Он снова оставил забор за спиной. И теперь шагал, постоянно оглядываясь, даже перестал чувствовать жалящие прикосновения мороза так сильно.
Как только путешественник шагнул под тонкую тень первых берез, наваждение рассеялось. Стало смешно, как он только что едва не запаниковал, сбившись с пути.
Феликс на ходу посмотрел на часы – подарок друзей на шестнадцатилетие. Десять двадцать. Нормально. Вполне успеет добраться до этой их станции, там наверняка можно выпить кофе, позвонить родителям… Мысль оборвалась. Он едва не споткнулся. Спину покрыла испарина, тут же застывшая на холоде. Вместо деревьев и широкой колеи перед ним снова тянулся забор. И стоял дом, нагло ухмыляющийся окнами на облезлом фасаде.
Феликс машинально поднял руку и снова взглянул на часы. Десять двадцать… Не испытывая больше никаких желаний и чувств, он повернулся и не разбирая дороги бросился бежать. Захлебывался в ледяном ветре, глотал воздух, пронизанный инеем, набирал снег в ботинки, оступаясь в сугробы. Поскользнулся на льду, едва не упал, но удержался, схватившись за… гнутую металлическую ручку в заборе. Том самом, глухом, сколоченном из серых досок.
Беглец выругался, слыша в своем голосе дрожь приближающейся паники и беспомощность. Отступил, проваливаясь в снег, и побрел прочь. Больше он не думал ни про возвращение домой, ни про станцию, ни о словах, которые скажет бросившим его родителям. Просто хотелось уйти от кошмарного дома куда угодно, только подальше.
Мороз усилился, хотя, казалось, куда уж больше. Феликс промерз насквозь, и только упорство толкало его, заставляя идти вперед.
Он не знал, сколько времени двигался по замкнутому кругу. Часы тоже издевались над ним, показывая все те же десять часов двадцать минут.

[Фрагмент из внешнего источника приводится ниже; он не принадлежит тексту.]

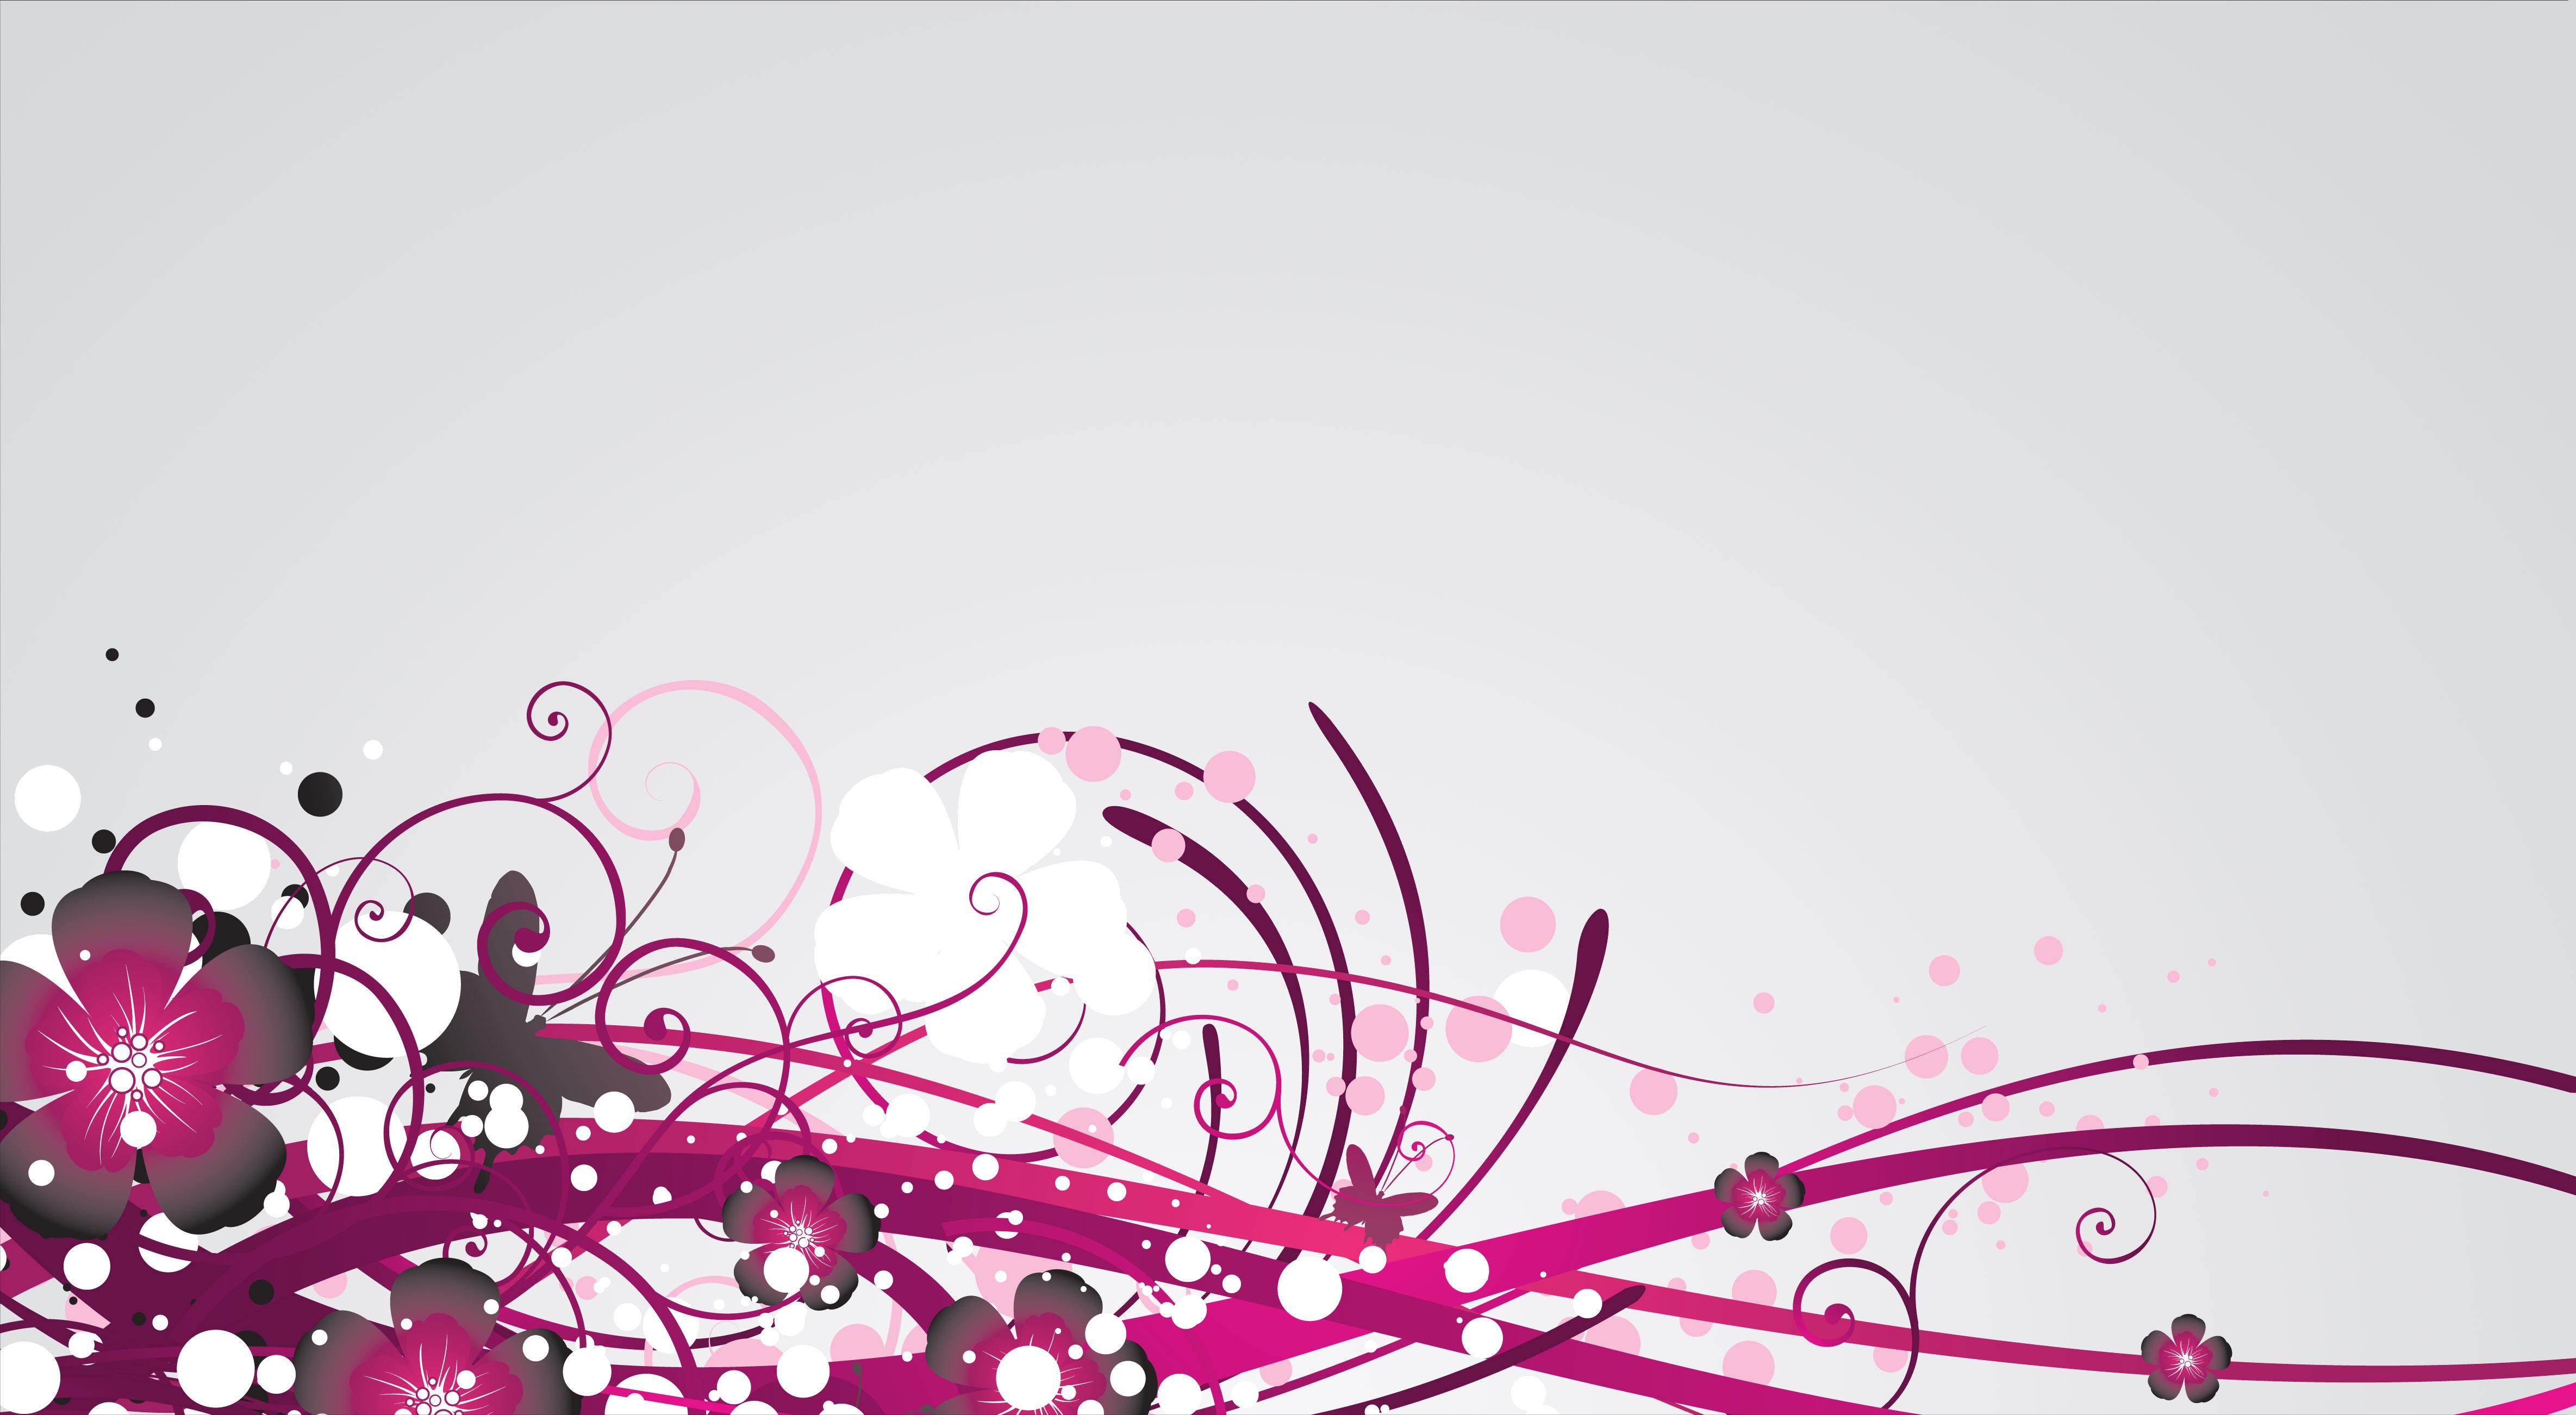 紫色の花のイラスト フリー素材 背景 壁紙no 504 赤紫 茎ライン 粒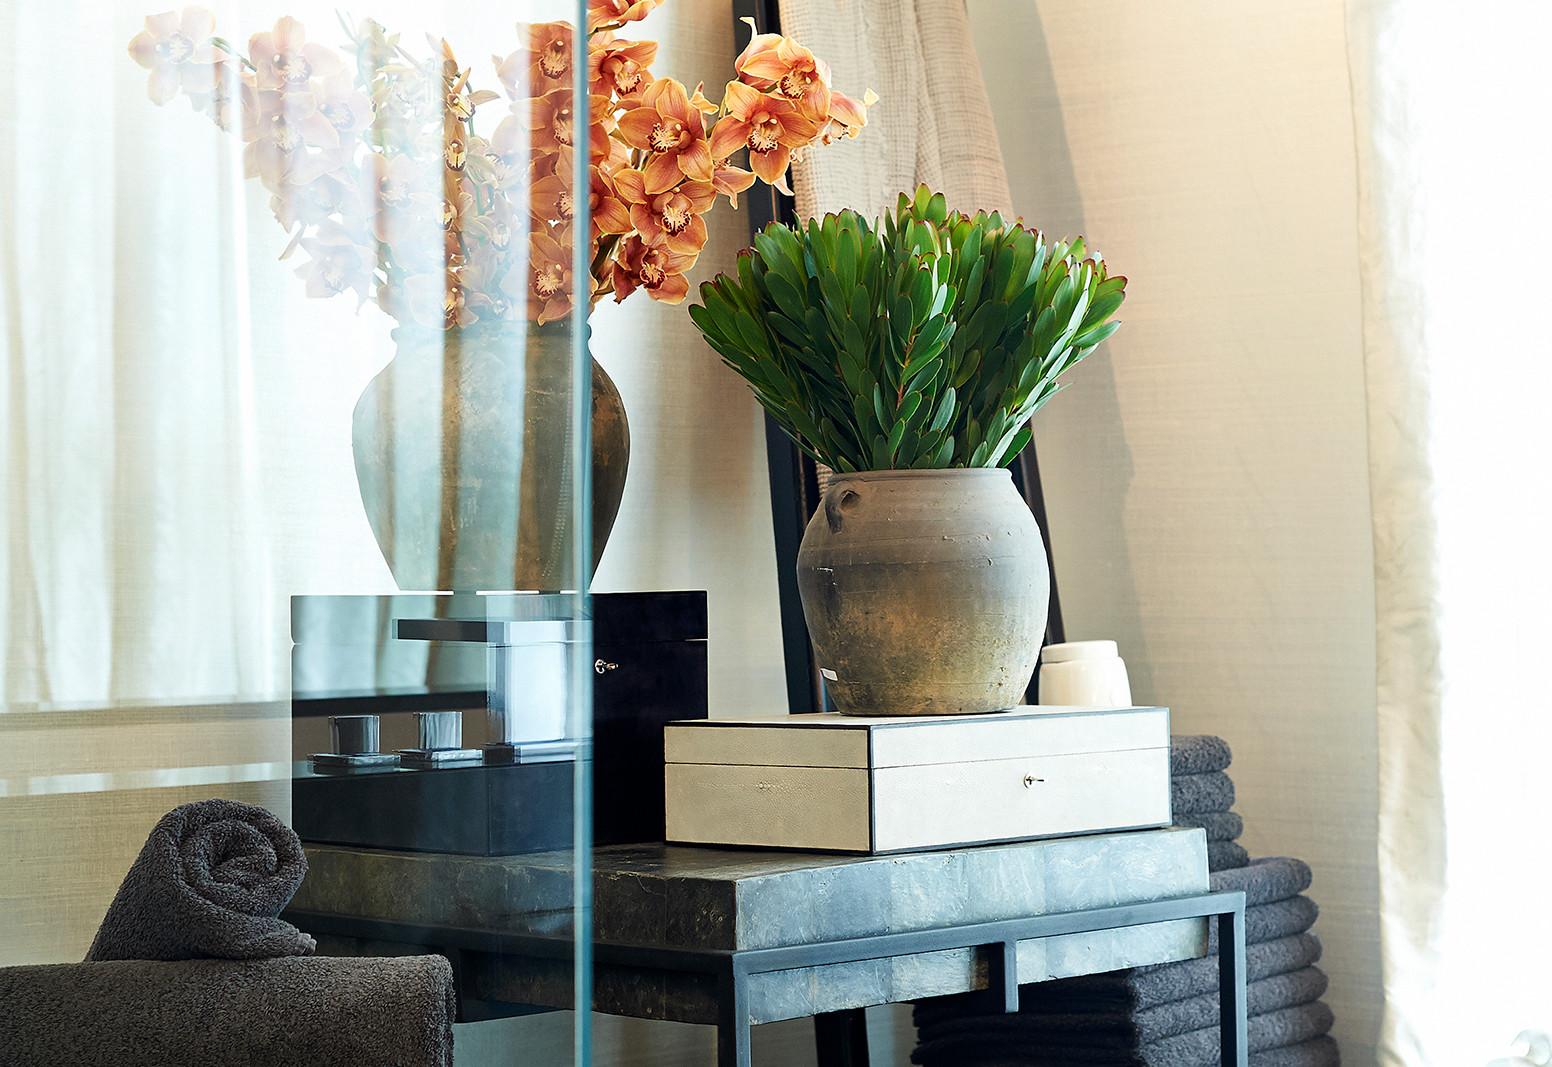 Stefanie Raum Dekoration Badezimmer Raum Contemporary Interior

Смеркалось. День шел на убыль. А впереди вновь маячил дом, скрывающийся за длинным серым забором. И больше Феликс сопротивляться не смог.
Сновидящий чистил картошку. Сидел за кухонным столом, аккуратно срезал кожуру на замызганную газетку, опускал желтые, как сливочное масло, клубни в кастрюлю с холодной водой.
– Есть будешь? – спросил он снова, как будто не было утреннего столкновения и взаимных оскорблений.
– Буду, – отозвался Феликс, негнущимися пальцами расстегивая куртку. Уронил ее на пол.
Подошел к печке, прижался к ней боком, щекой, обеими ладонями, блаженно впитывая жар раскаленных кирпичей. Ему уже было все равно, что произошло с ним, единственное, чего хотелось – перестать трястись от озноба.
Нестор поставил на плиту кастрюлю и полез в шкафчик за тарелками.
– Ну, как погулял?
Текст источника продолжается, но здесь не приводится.